Auch wenn sich Meldungen um dreiste Diebstähle in letzter Zeit zu häufen scheinen: Ángel Garcia Sanz, Sprecher der „Policía Local” in Palma, geht nicht von einer prozentualen Zunahme der Kleinkriminalität aus: „Wenn wie jetzt einfach deutlich mehr Menschen auf der Insel sind, passiert natürlich auch mehr.” An erster Stelle unter den Delikten seien Diebstähle durch Unaufmerksamkeit vor allem an den Stränden und Taschendiebstahl auf öffentlichen Plätzen zu verzeichnen. Risiko Nummer zwei bildeten die „Nelkenfrauen”, die vor allem rund um die Avenida Antoni Maura und den Parc de la Mar ihren teils zweifelhaften Geschäften nachgingen. An dritter Stelle steht das Ausrauben von Autos auf Parkplätzen (Wertsachen nie sichtbar im Wagen liegen lassen!). Platz vier belegen die berüchtigten Hütchenspiele, bei denen Touristen nicht nur beim Spielen, sondern oft schon beim bloßen Zuschauen um ihr Hab und Gut gebracht werden (weil sie so abgelenkt sind, dass auch Taschendiebe leichte Beute haben).

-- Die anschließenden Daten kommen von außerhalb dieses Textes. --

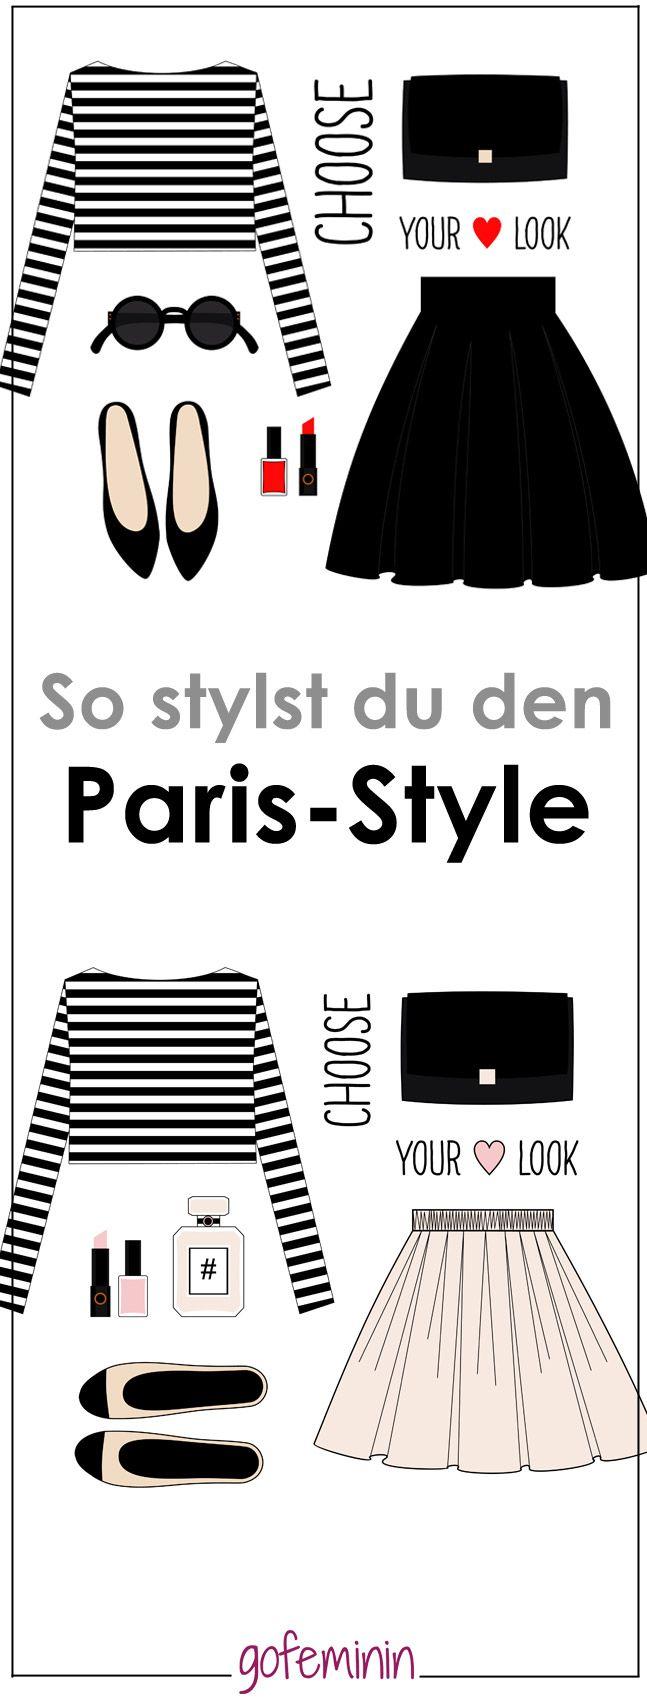 Tres chic, der Paris Style! Alle Styling-Geheimnisse der Französinnen!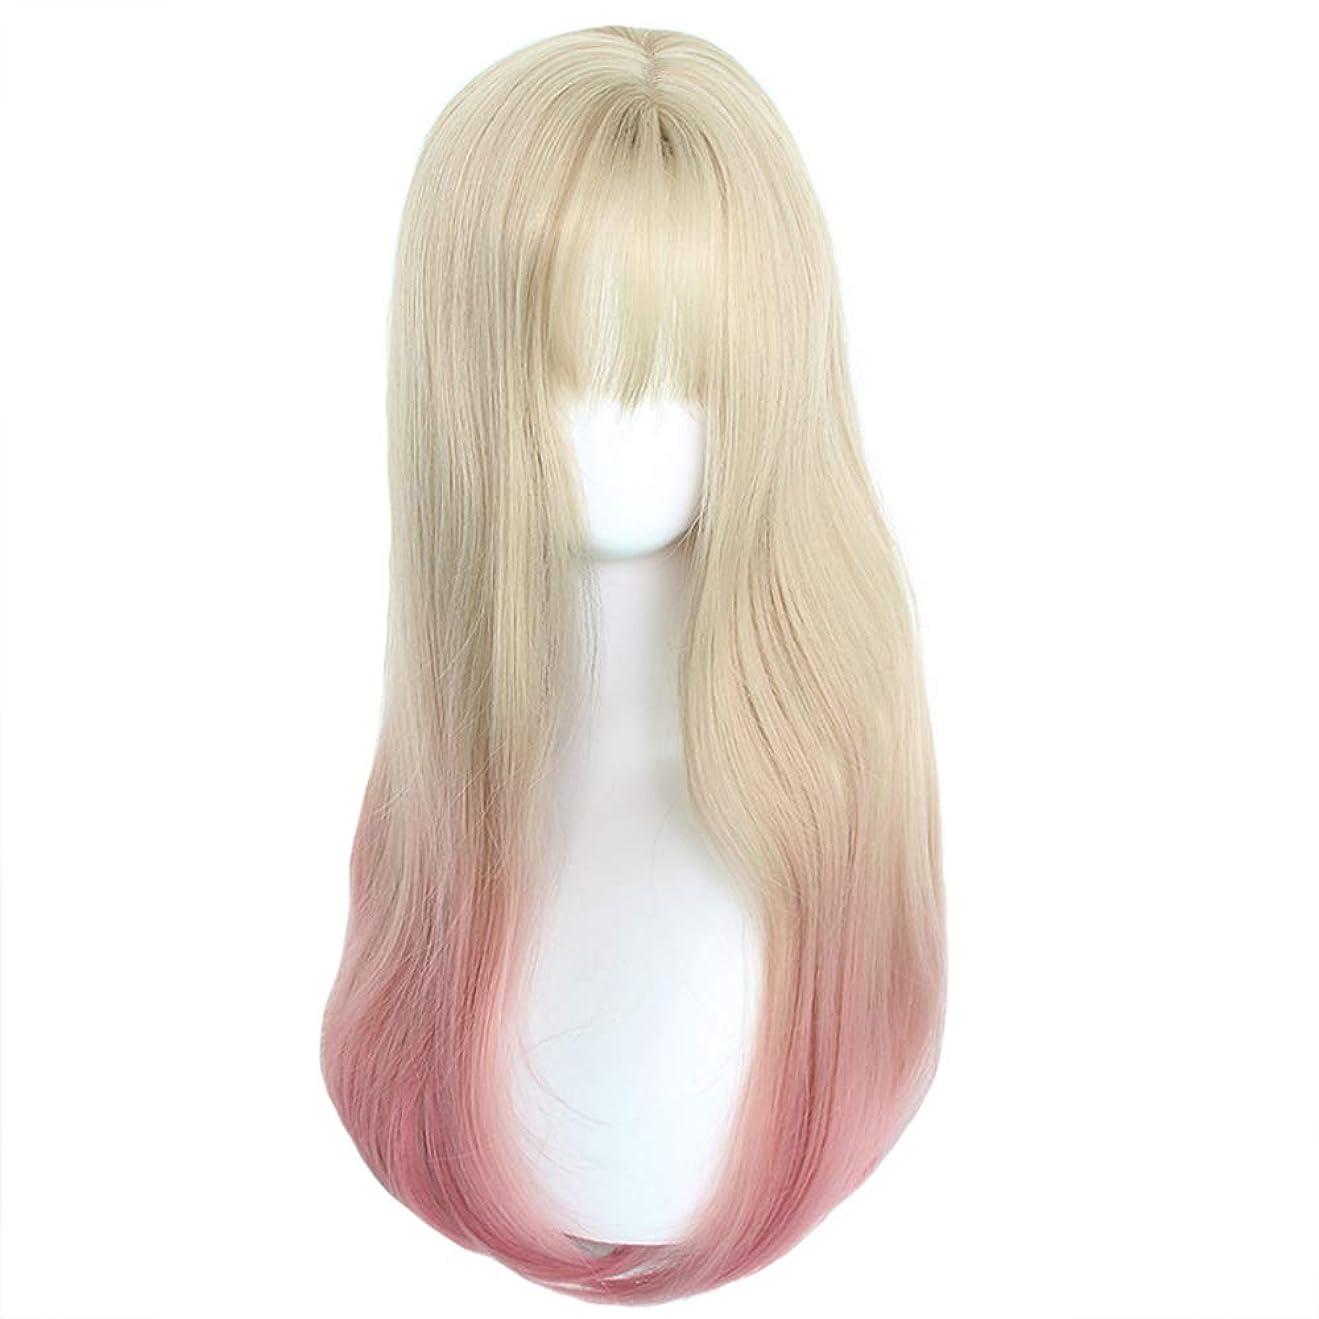 バレル仲介者不明瞭かつら - ファッションロングロールリューハイウィッグレディハロウィンコスプレヒートナチュラル60センチメートルライトゴールドグラデーションピンク (色 : Pink, サイズ さいず : 60 cm 60 cm)

Mit vermehrter Polizeipräsenz an neuralgischen Punkten versuchen die Ordnungshüter die Trickbetrüger in Schach zu halten: So wird die Zahl der Beamten an der Playa de Palma in der Hauptsaison mit insgesamt 117 Polizisten fast verdoppelt. Dennoch, sagt Ángel Sanz, sei jedem Touristen zu erhöhter Aufmerksamkeit zu raten, zumal die Zahl der Methoden an Ablenkungsmanövern zugenommen habe.

MM hat die meist verbreiteten Tricks zusammengestellt, um potenzielle Opfer für Risikosituationen zu sensibilisieren. Allgemein gilt: Vorsicht vor Ablenkungsmanövern. Meist zieht ein Täter die Aufmerksamkeit auf sich, während sich ein anderer unbemerkt am Eigentum bedient. Menschenmengen ziehen verstärkt Gauner an: Die oft überfüllte Buslinie 15 an die Playa ist beliebter Ort von Taschendieben. Auch bei Autovermietungen am Airport wurde eine Häufung von Diebstählen beobachtet.